My first experience with grief was the loss of a serious relationship. While for the best, I was completely devastated. I couldn’t stop crying, I couldn’t get out of bed, and I wanted to crawl up and die. It was my first experience with the body and mind connection being intimately connected, and it was excruciatingly painful. This was not something I could just talk myself out of, and it was eye-opening.
Advice I was given at the time was admittedly pretty terrible. Lessons in empathy training required? Yes, it’s my mission and I’m here to help.
Here’s what not to say when a person experiences grief and loss
- It’s for the best
- You think this is bad? When I had _____happen, I had to go back to work the next day.
- You can’t just give up.
- You’ll get over this.
- Life goes on
- You’re not the only person in the world that feels like this; buck up
- Don’t let them see you cry
So, what do you think I actually heard in those statements?
Grief isn’t pleasant, it’s not here, suck it up, move on, don’t feel, my pain is worse, your pain is nothing, don’t be weak…as a result, the pain prolonged and I also felt ashamed.
I don’t think the intention was to minimize or dismiss my pain, but because many of us are not equipped on how to sit in compassion with suffering, we have a tendency to want to brush it off or just rush through it. The body and mind know…and they will not be rushed.
To add to this, rushing through my grief as a deeply empathic and sensitive person; I can’t actually do that. Telling me not to feel deeply is like saying, “Aoife, don’t have curly hair. It’s inconvenient”. Well, tell that to the curls on the side of my head that refuse to straighten. Not going to happen!
The best (first) advice on coping with grief and loss
I was given a piece of wonderful advice by a kind understanding soul who just got it. Years my senior, we had met for lunch, and she was worried, but moreover, had experienced the deep physical pain in grief that I also had (and more things, as she had life happen to her). She had an opportunity to practice grieving in her everyday life a bit more than I had to that point. The one piece of advice that changed the course of my future in my relationship with grief (which was a very important thing for my years to come) was this:
Get out of bed everyday and take a shower.~AH
A shower? I remember thinking — huh, okay. You’ve got my attention.
Why a shower?
“A shower helps you to clear your head”, she explained. “Then you can go outside in the fresh air. Take even a small walk and it will help you clear your head. Things will feel a bit easier.”
So for the next 3 months, I did just that. I got out of bed, took a shower and left the house. It helped that I had responsibilities, but on the days I didn’t and could stay in, I just stayed with that little ritual. It did help.
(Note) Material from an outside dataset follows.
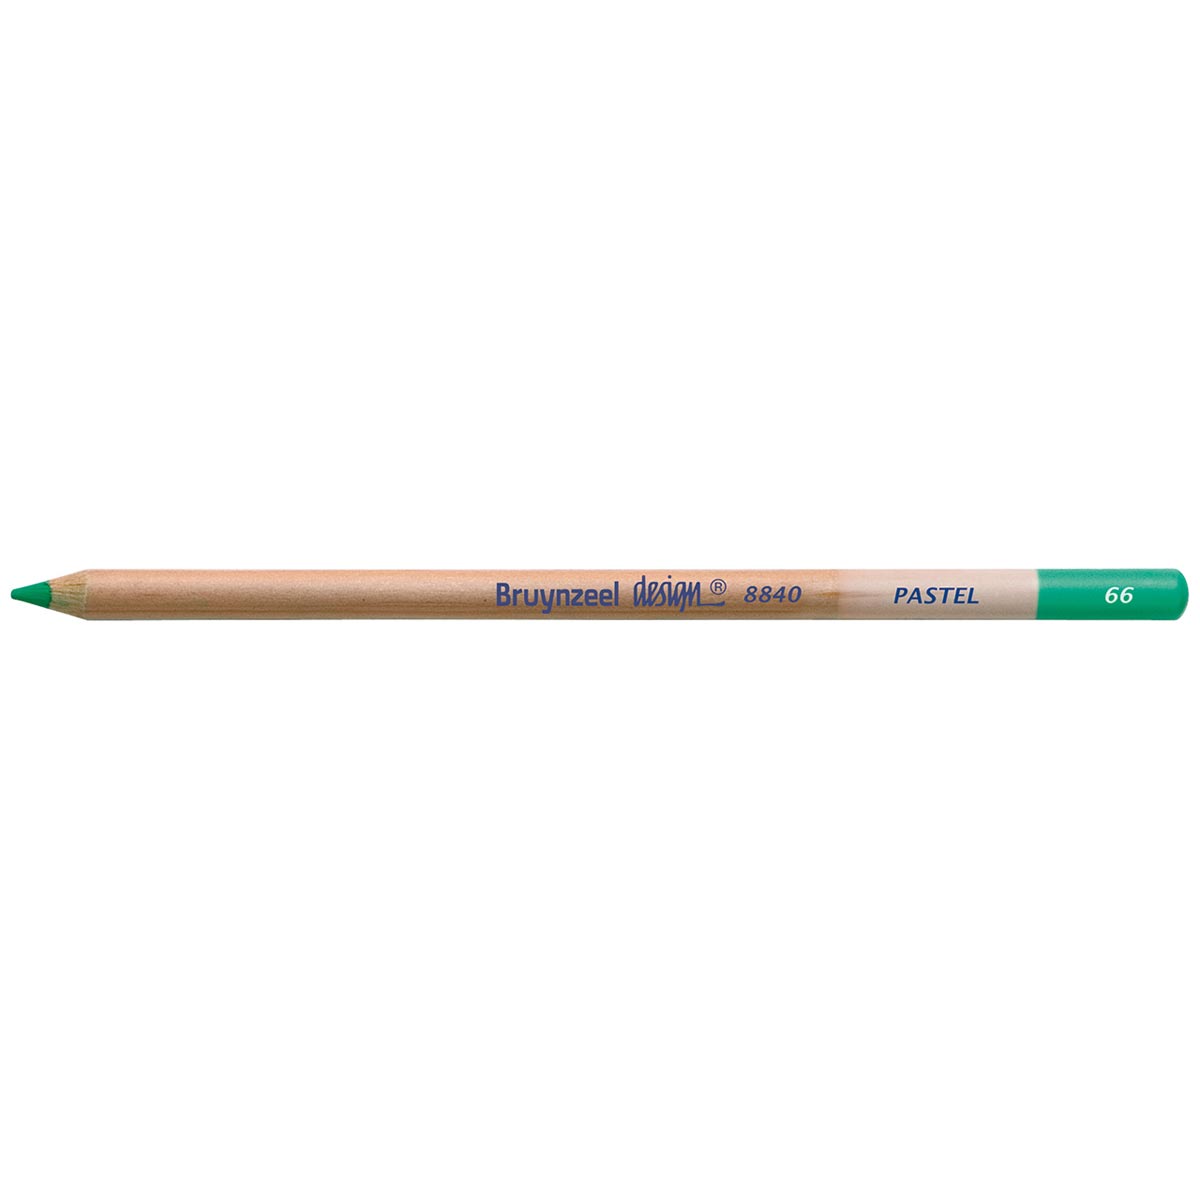 Bruynzeel Design Pastel Pencil - Green 66

It didn’t remove my pain. I didn’t feel less heavy, but the heaviness eased. It allowed my rational brain to have a focus when my emotional self was drowning.
Five years later when my mother died, guess what I started doing?
What is okay to feel when you’re grieving?
Absolutely everything. Your timeline and your feelings are normal, whatever they are. In fact there is so much individuality in grief and its process that it is difficult for researchers to find a “template” or a “process”. So, whenever unnecessary advice is given, just give yourself a little hug and remember that your process is your process. It’s all okay. What IS important is finding the right support you need at the moments you know you need connection, compassion, and validation.
Why do simple rituals help?
Simple rituals do a few things. They make the brain feel safe. It’s a structure they know and understand. The body likes routine, rhythm and simplicity. It makes a world feel safe when it has turned upside down.
It also gives a small amount of control to the left brain that wants to order and sort through this stressful experience. A simple ritual creates this control that “yes, this part is okay, and therefore the next step is also okay”.
I know to those of you in deep early grief this might sound crazy. It’s a simple thing. It doesn’t make everything go away. Nothing gets better.
You’re right, but it’s a start.
Today my heart offers this to loved ones close to my heart that are experiencing their own major grief and loss. You are loved, and when the days are hard to come, get up, take a shower, and go outside.
I’ll be sharing more basic supports for grief in the upcoming months as I am working on a program called Resilient: Moving through Grief. It’s a heart project that’s been nagging at me for years, and 2020 is my year to share it.